The curvature K_x in a plane parallel to the x–z plane and the curvature K_y in a plane parallel to the y–z plane and the twisting curvature K_xy, which represents the warping of the x–y plane, can be defined as follows.

$${\kappa }_x=-\frac{{\partial }^{2}w}{\partial x^2}$$

(6)

$${\kappa }_y=-\frac{{\partial }^{2}w}{\partial y^2}$$

(7)

$${\kappa }_{xy}=-\frac{{\partial }^{2}w}{\partial x\partial y}$$

(8)

In the present FEM, three types of inherent deformations, namely longitudinal shrinkage, transverse shrinkage and angular distortion are introduced into the elastic FEM. When a welding line is arranged parallel to the x-axis, longitudinal shrinkage can be transformed into in-plane strain component ${\mathsf{\epsilon }}_x$ in longitudinal direction. As mentioned above, another equivalent method is to use tendon force to represent longitudinal shrinkage. Transverse shrinkage can be changed into in-plane strain component ${\mathsf{\epsilon }}_y$ in transverse direction. In a similar way, angular distortion can be converted into curvature K_x along the x-axis. These inherent strain components are introduced into the elastic FEM as initial strains.

4. Results and Discussion

In this paper, the thermo-elastic-plastic FE method was used to estimate the welding stress and distortion in the welds including the butt welds and fillet welds with inherent stain.

4.1. Inherent Strain Analysis of Butt Weld and Fillet Welds

As mentioned above, the welding stress and distortion in complex welding structures were mostly caused by longitudinal and transverse inherent strains. In order to obtain the size and distribution of inherent strain after welding and determine the quantitative relationship between the inherent strain and the primary influence factors, a sequential coupling of thermal-elasto-plastic analytical method was employed to acquire the value of inherent strain of two typical welded joints in Figure 2b. Figure 3 showed the distribution of longitudinal and transverse residual stresses of butt-joint with multi-passes. It was found that the tensile stress was widely distributed in the center of welded seams and localized in the edge region. Most of the welding area was under in the tensile stress. With the increase of heat input, the longitudinal and transverse tensile stresses of the second layer’s welded seam rose up gradually. When reaching the yield limit, the value of residual tensile stresses was stable, but their distribution area increased. This was due to residual thermal contraction deformation caused by the cooling down of filler metal [21]. Herein, residual compressive plastic deformation and residual thermal contraction deformation are both attributed to inherent strain.

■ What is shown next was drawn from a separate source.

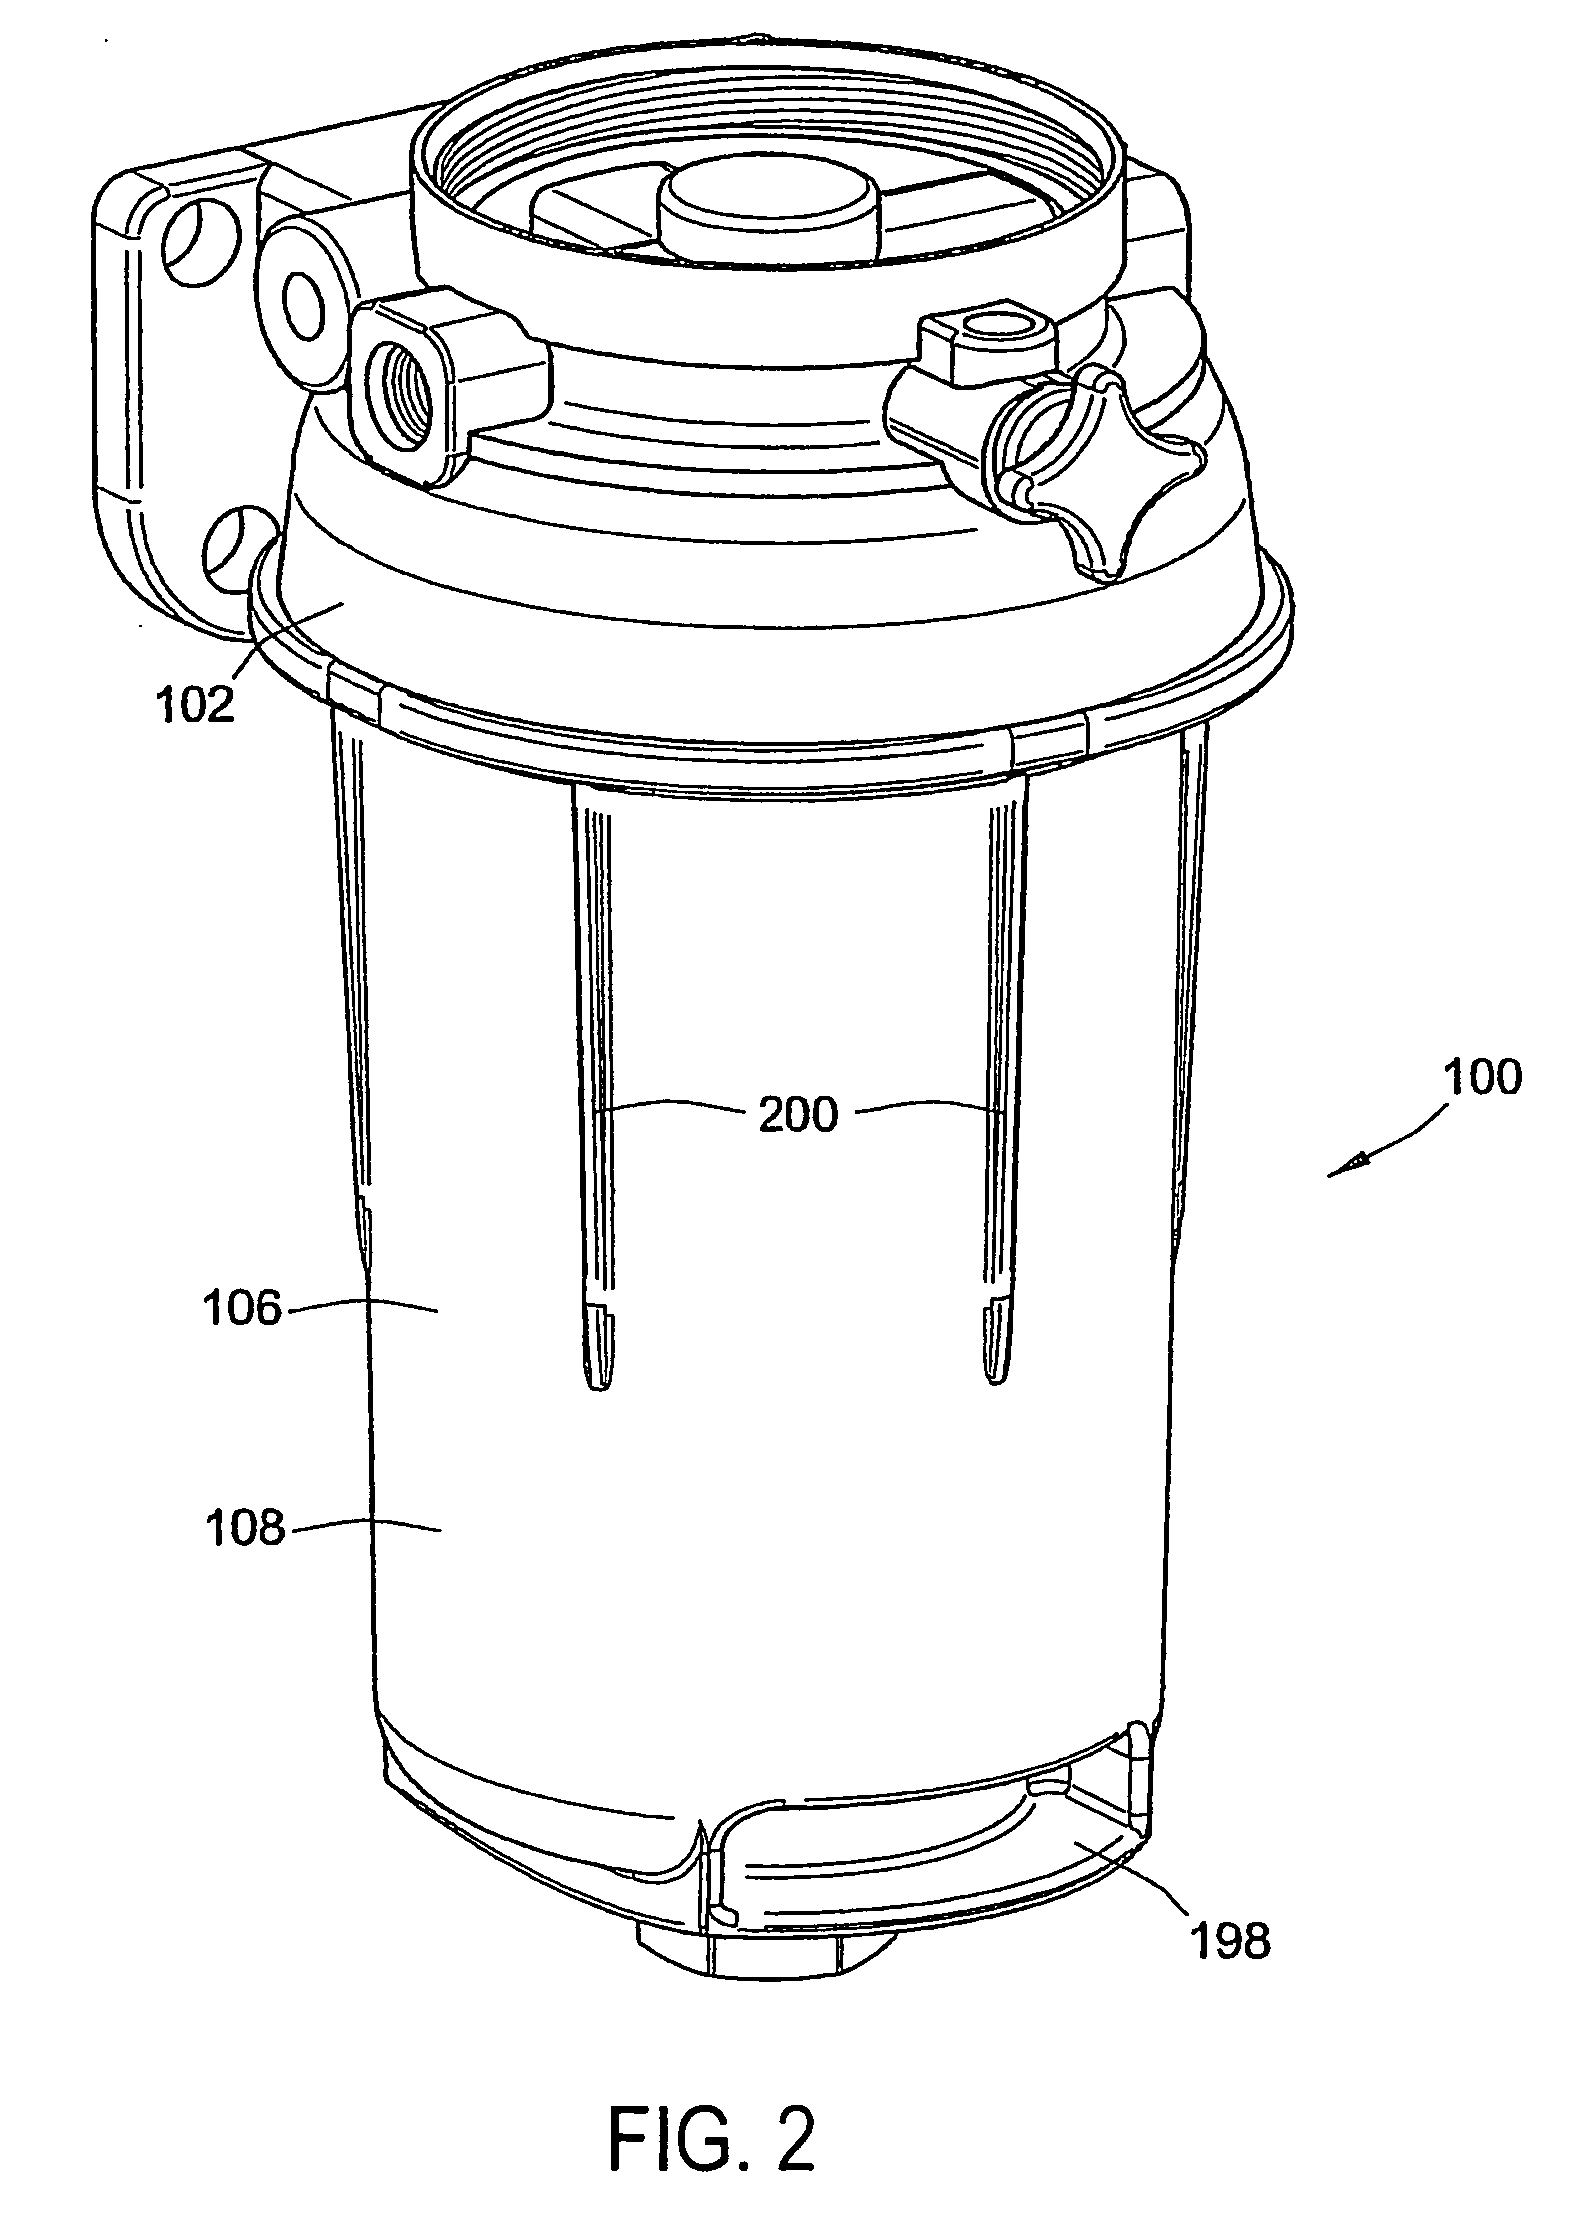 Filter apparatus

Figure 4 explains the distribution of longitudinal and transverse residual plastic strains of the butt joint. Obviously, most of the weld zone was plastically deformed in a compressive state except for both ends. The residual strain in the center of the welded seams was stable but their distribution area increased similar to the stress distributions. Figure 5 shows the distribution of the welding residual stress and plastic strain of path A-A (as shown in Figure 2b). The residual strain was concentrated in the vicinity of the welded seams. Moreover, both longitudinal and transverse directions were under compressive deformation. Meanwhile, the residual plastic strain in the transverse direction was larger than that in the longitudinal direction, whereas the strain away from the seam was almost zero. In the welding zone, the welding residual stress was tensile stress, and the longitudinal residual stress was much greater than the transverse direction. Correspondingly, the adjacent area of welded seams displayed compressive stress. When moving backwards to the welded seams, the stress decayed. When the weldment exceeded a certain length, the longitudinal and transverse inherent strain coefficients were insignificantly changed except for the arc initiation and closing positions [22]. The influence of the weld length on the W3 and W4-welded seams was similar to that of the W1 and W2. In addition, the inherent strain coefficients of the W3 and W4-welded seams were slightly decreased because of the reduced thermal gradients.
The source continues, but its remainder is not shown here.